The living room reflects Noi’s knack for graceful order. Nothing is out of place other than the canvas director’s chair he knocked over when he ran through the first time. If there was a struggle, resistance of any kind, it didn’t take place here.
Pushing himself to his feet, he moves down the hallway, his sneakers squeaking on the gleaming hardwood, and into the kitchen. Arthit stands in the doorway, looking at the table. Rafferty can’t meet his eyes. A cup of coffee, Nescafe from the thick dregs of pitch in the bottom of one of them, sits on one edge of the table, off center in its saucer. A spill of sugar surrounding the cup marks the spot as Rose’s. She has a leaden hand with the sugar, adding it in heaps and scattering it like confetti. Another cup, as yet unfilled with water, is on the stove. Coffee measured, water not poured. And then he sees the teapot on the floor, surrounded by water. An unwelcome interruption of some sort.
He can’t make himself focus on what that could have been.
The kitchen door-open, as the front had been-leads to the back garden, Noi’s pride before the disease began to make movement painful. Rafferty stands in the doorframe, his shadow stretching in front of him all the way to the stone-defined border, where dead begonias and zinnias silently signal neglect. Few things are sadder to Rafferty than a dying garden, and this one prompts a surge of the purest grief. He can still see it as a wash of bloom. Noi harvested flowers by the armload whenever he and Rose had dinner with them; he vividly remembers craning at the three of them over the explosion of color in the middle of the table.

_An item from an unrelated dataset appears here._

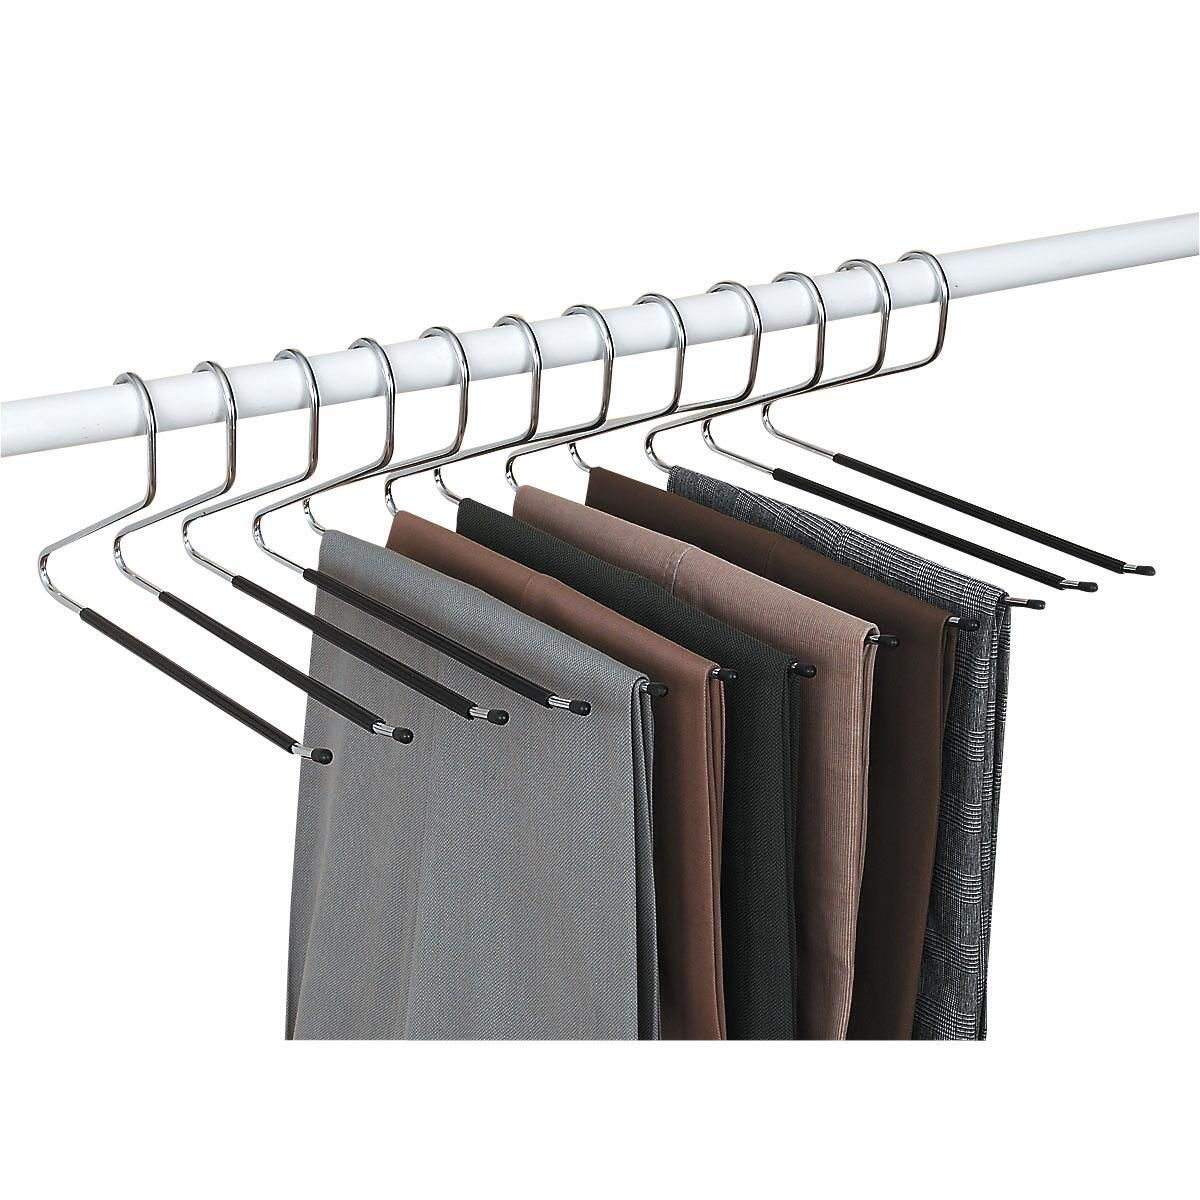 Pants Hangers

Arthit comes up behind him and, after a moment, puts a hand on his shoulder.
Rafferty reaches up and pats the hand and then steps back inside, and Arthit closes the door and locks it automatically. Then he stops moving, looking down at what he has just done. When his face comes up to Rafferty’s, the expression on it is almost unbearable.
“The rest of the house,” Rafferty says. It is the first time either of them has spoken. “Let’s do it together.”
“Right,” Arthit says. “Together.”
The kitchen and breakfast area run the width of the house. The door on the right leads to the dining room, and the corridor on the left will take them back down the hallway to the bedrooms before it ends in the living room. They check the dining room from the doorway, Arthit snapping on the light. Rafferty can smell the lemon polish Noi uses on the table even now, when she and Arthit eat most of their meals in the kitchen to save her steps.
The chairs are pulled neatly up to the table as though awaiting tardy guests. An overly formal bouquet of silk flowers, a melancholy replacement for the loose arrangements of bloom and scent of a year ago, sits dead center on the table’s mirror-smooth surface. A spill of mail is the only spontaneous thing in the room. Everything else seems to be in place, as it was in the living room, and Rafferty feels his spirits lift slightly. He can’t imagine Rose allowing anyone to take her-and especially Miaow-out of the house without a mammoth struggle. There should be damage everywhere. He has an adrenaline-imprinted memory of the evening in the King’s Castle Bar when she poleaxed a six-foot Aussie. Beer-blitzed, the Aussie had yanked the buttons off the blouse of an excruciatingly shy new barmaid, a tiny, wide-eyed girl just arrived from the northeast. The Aussie had taken a table and two stools down with him on his way to the floor and landed flat on his back with his eyes rolling back like fruit salad in a slot machine.
“They would have put up more of a fight,” Rafferty says.
“If they could,” Arthit says.
The two of them stand there, listening to what they’ve just said. Rafferty says, “Arthit. I’m so sorry.”
Arthit doesn’t even glance at him. “We haven’t got time for that. Let’s go.” They take another look at the living room, Rafferty pausing to put the director’s chair upright, and then the master bedroom. Noi and Arthit’s bed is rumpled on one side: Noi’s afternoon nap, Rafferty guesses. The covers have been folded back neatly. The sheets have the sharp, topographical creases that come with sweat, although the room is cool. To Rafferty the sheets are a map of pain. He sees it in the sheets, he has seen it in the halting rhythm of Noi’s walk, he has seen it in Arthit’s face. He has never seen it in Noi’s.